> Problem statement
Each entry should be set down again verbatim, with the images omitted.

> Data in this exercise
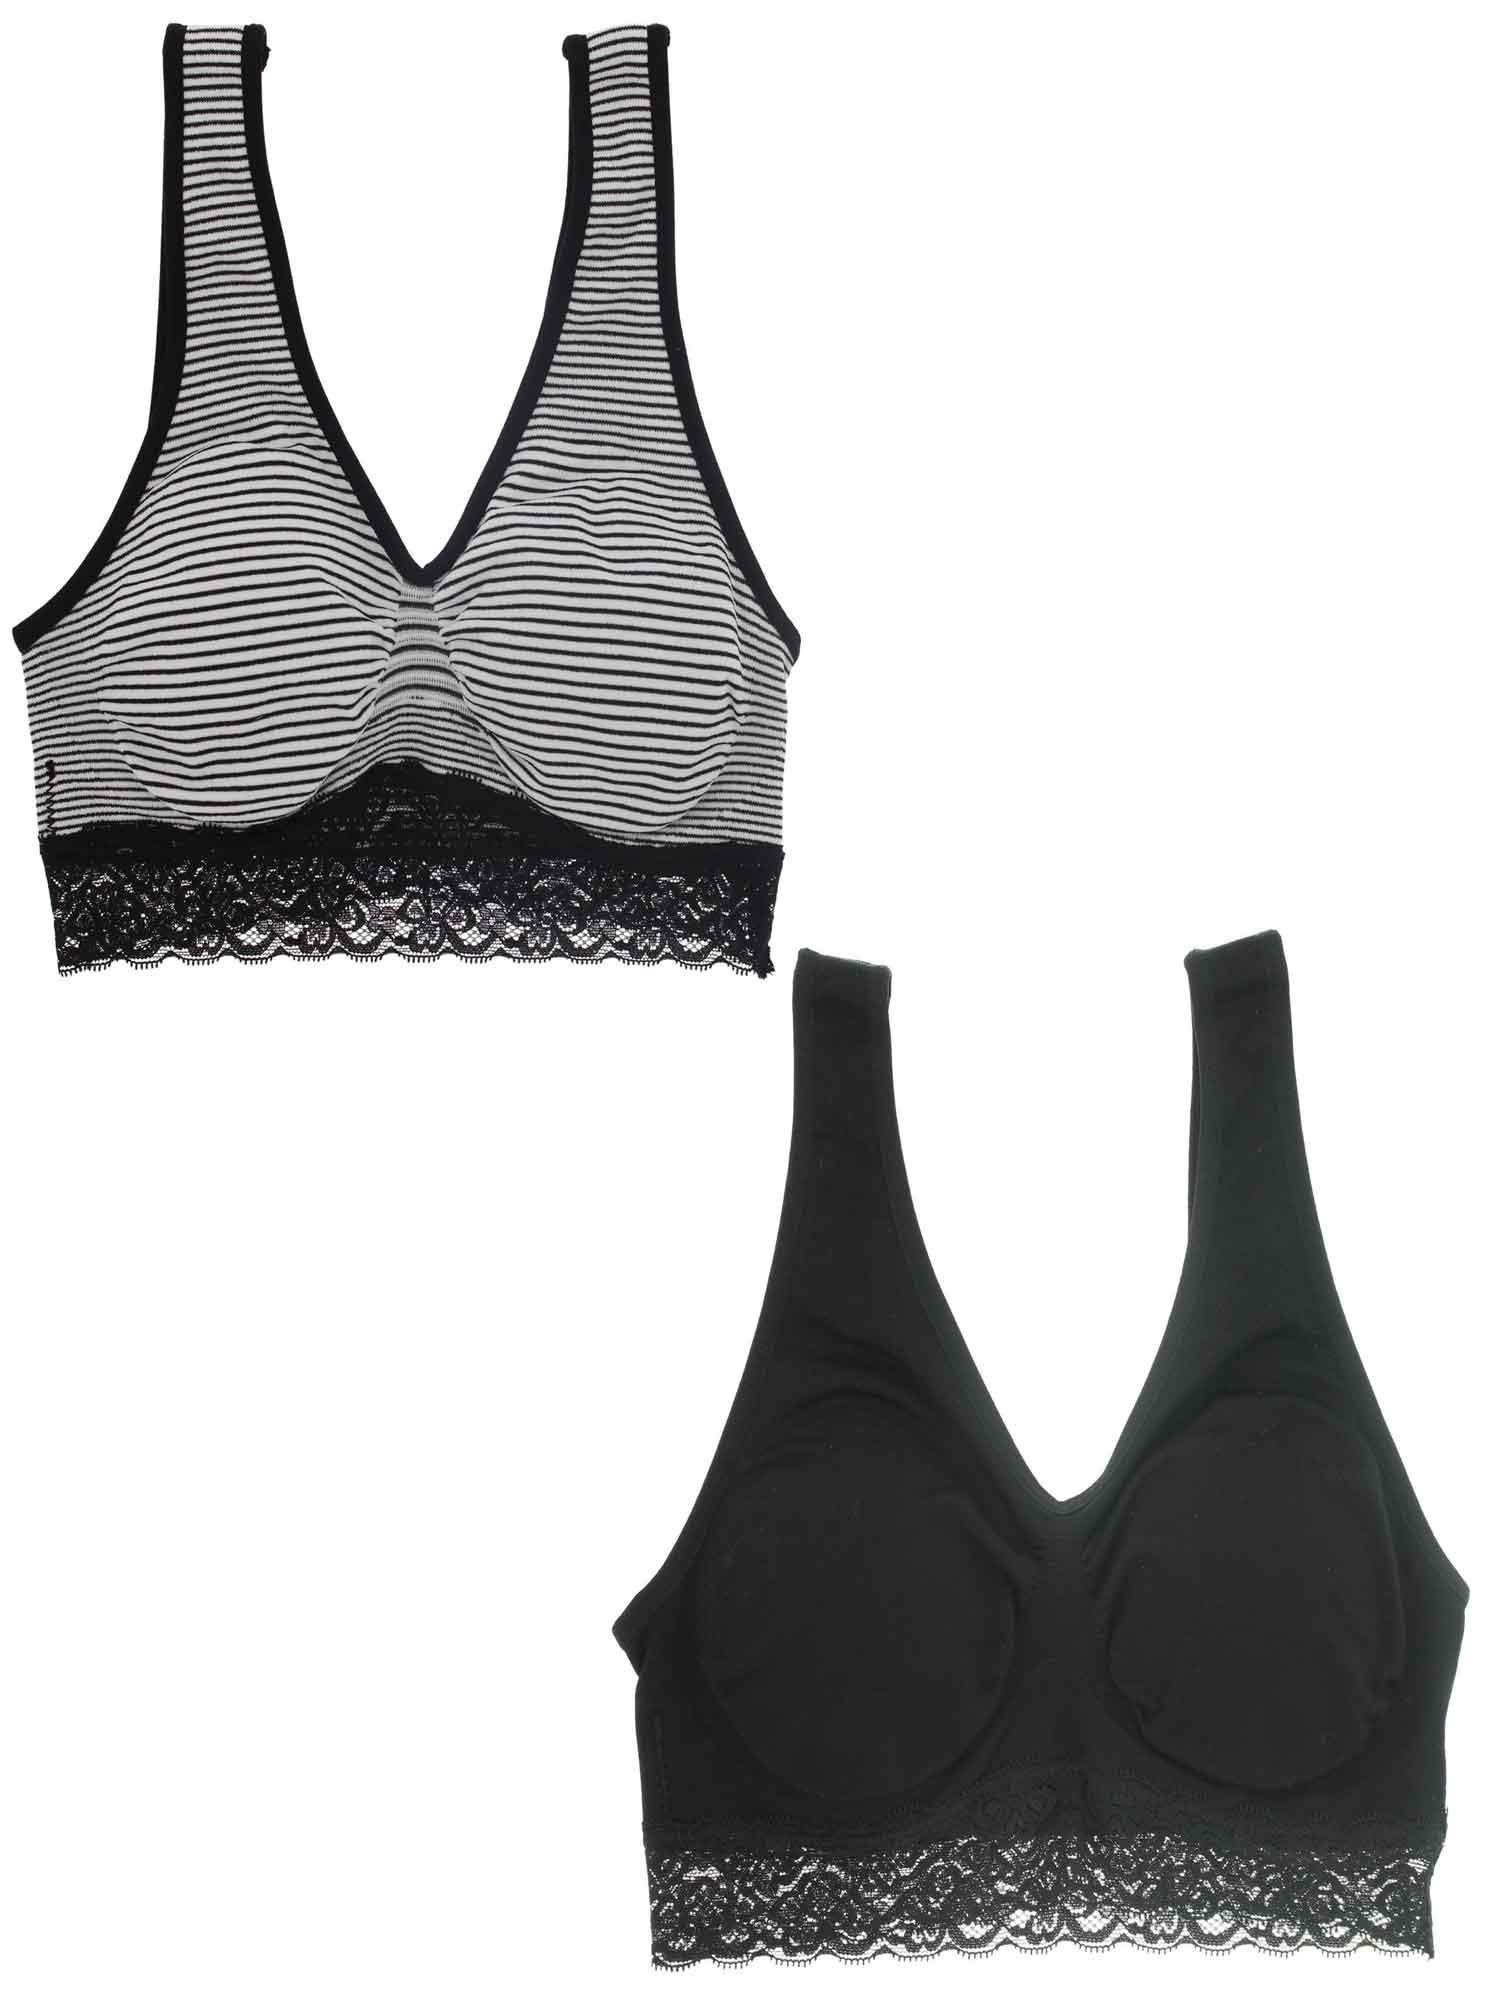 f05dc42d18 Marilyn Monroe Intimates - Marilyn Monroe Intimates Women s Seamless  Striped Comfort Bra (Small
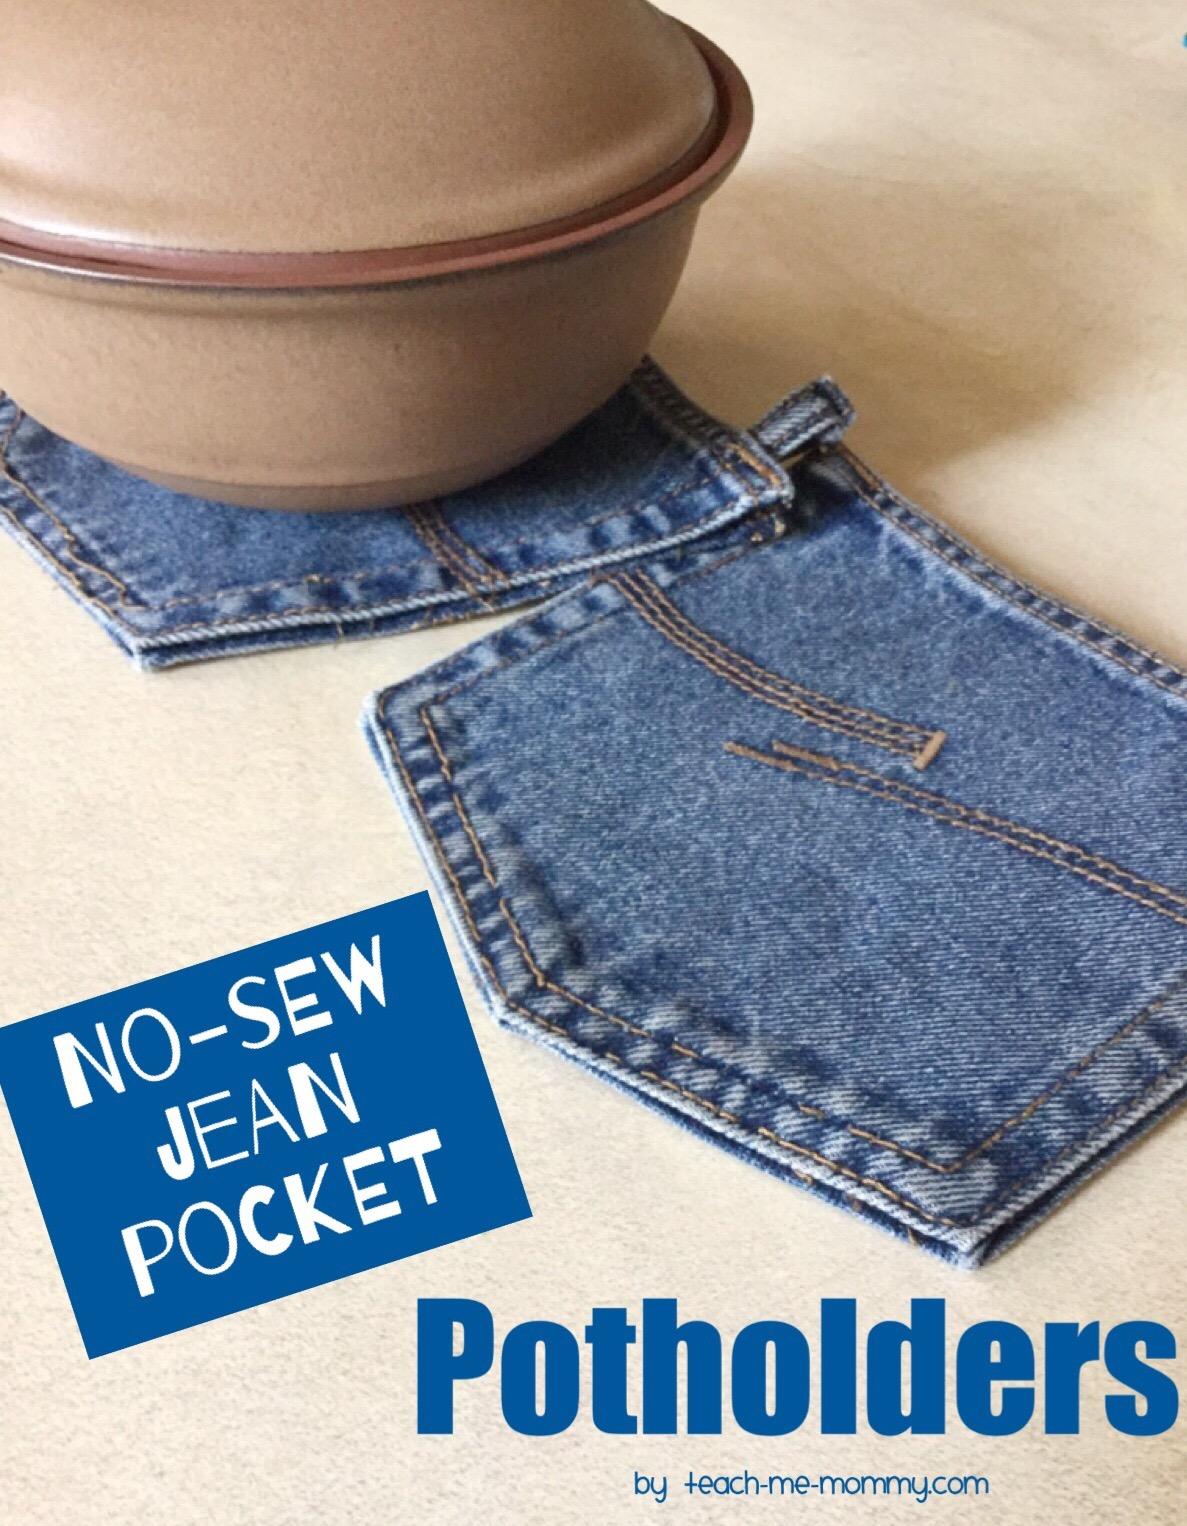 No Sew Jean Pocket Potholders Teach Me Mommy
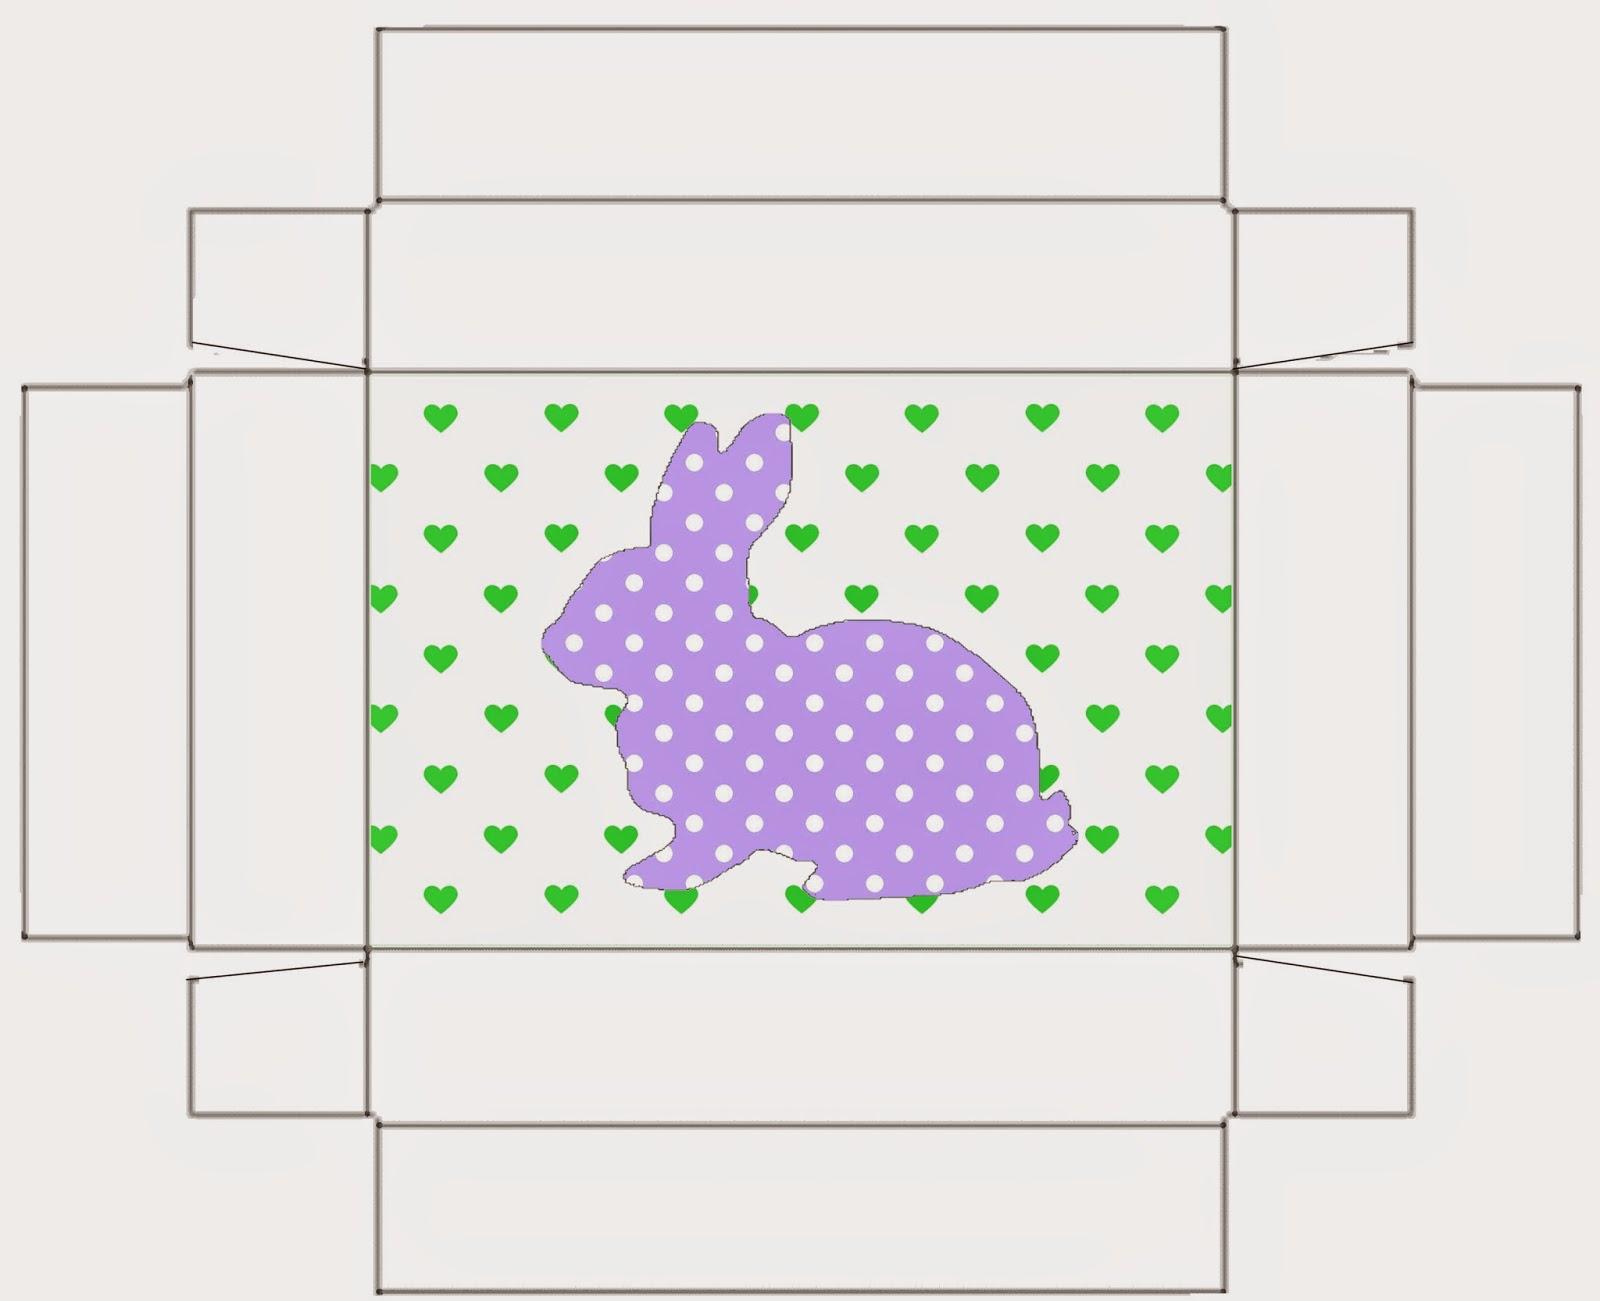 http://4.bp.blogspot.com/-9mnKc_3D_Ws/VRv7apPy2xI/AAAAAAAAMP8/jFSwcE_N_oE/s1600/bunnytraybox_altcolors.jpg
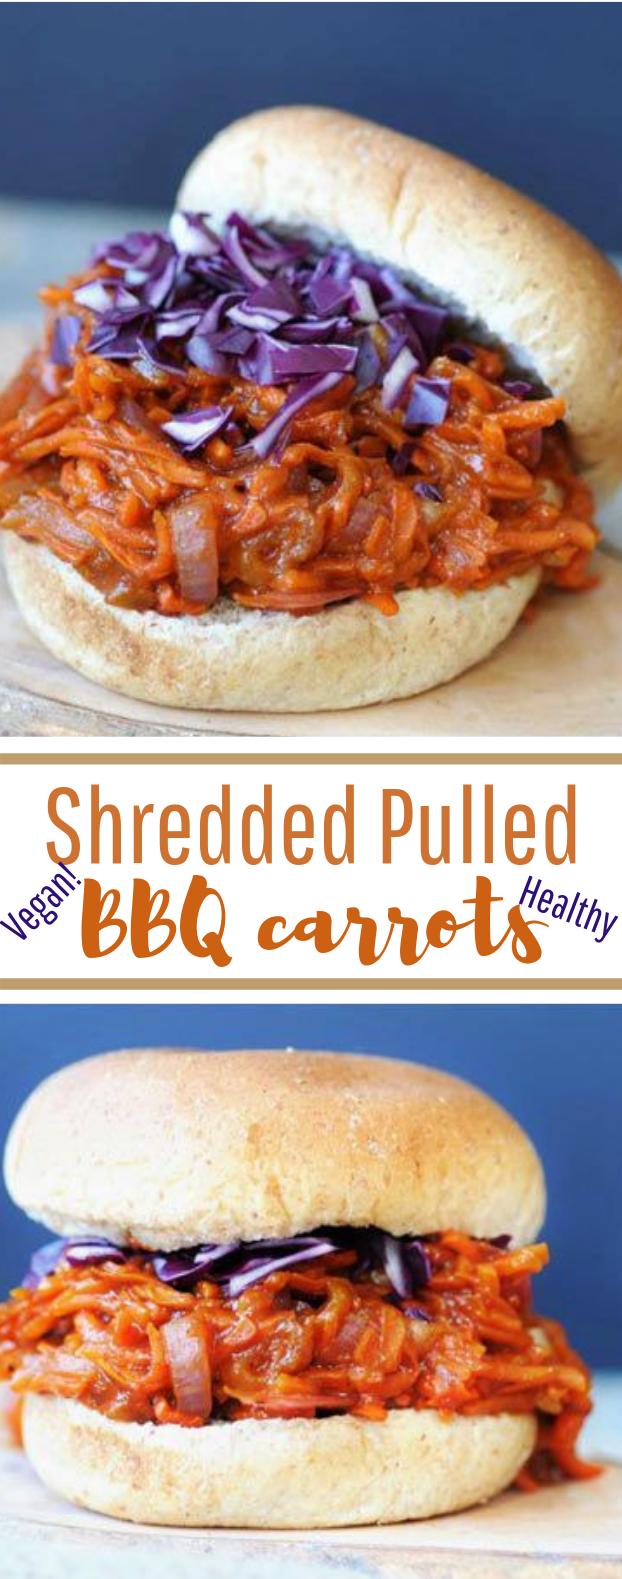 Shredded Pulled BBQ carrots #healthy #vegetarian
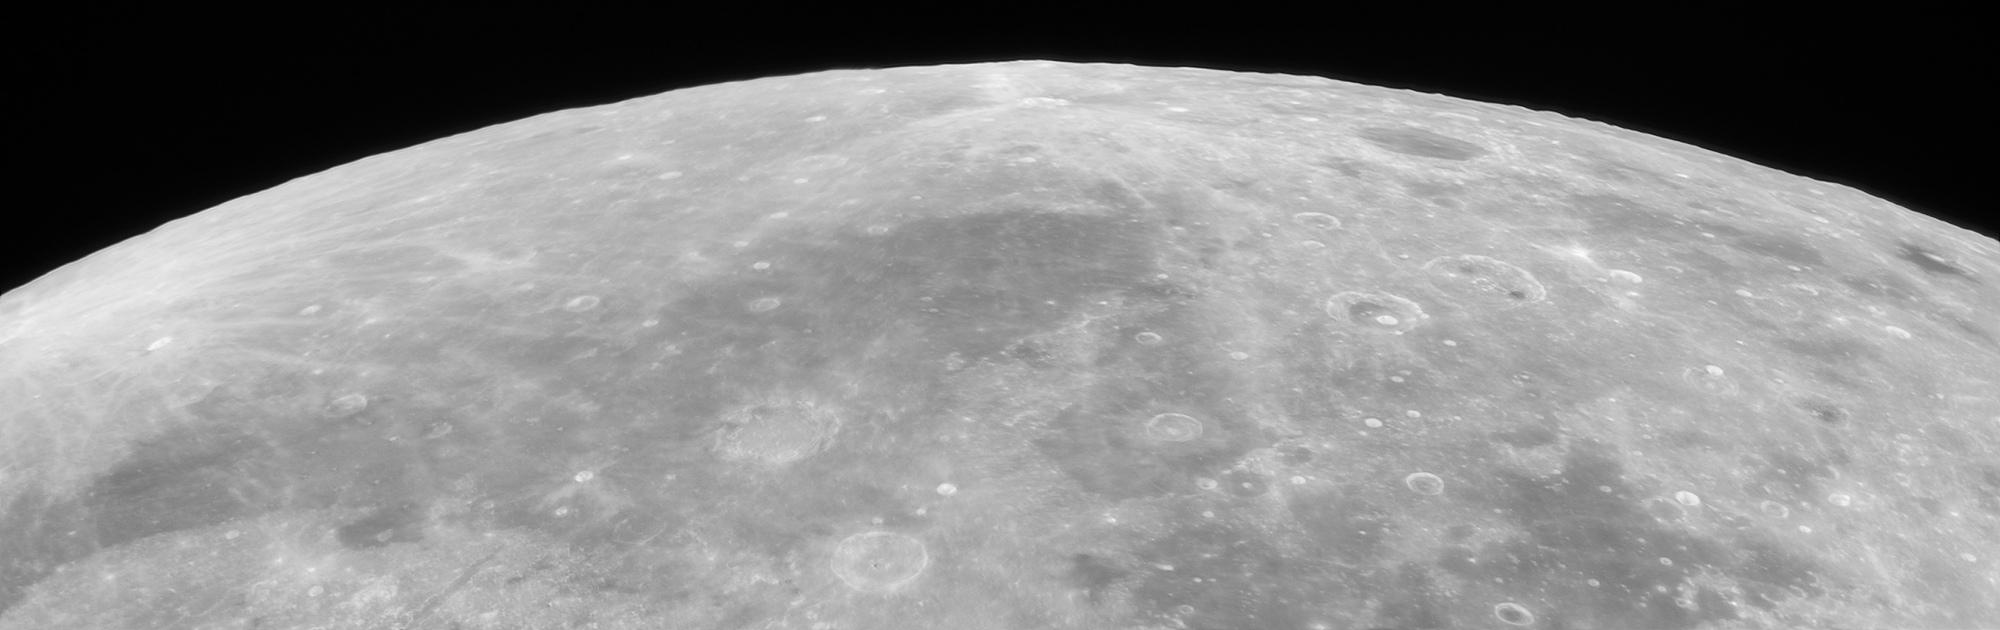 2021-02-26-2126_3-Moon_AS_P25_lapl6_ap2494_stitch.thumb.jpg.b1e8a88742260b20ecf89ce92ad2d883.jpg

> Completed task
 f05dc42d18 Marilyn Monroe Intimates - Marilyn Monroe Intimates Women s Seamless  Striped Comfort Bra (Small
 No Sew Jean Pocket Potholders Teach Me Mommy
 http://4.bp.blogspot.com/-9mnKc_3D_Ws/VRv7apPy2xI/AAAAAAAAMP8/jFSwcE_N_oE/s1600/bunnytraybox_altcolors.jpg
 Shredded Pulled BBQ carrots #healthy #vegetarian
 2021-02-26-2126_3-Moon_AS_P25_lapl6_ap2494_stitch.thumb.jpg.b1e8a88742260b20ecf89ce92ad2d883.jpg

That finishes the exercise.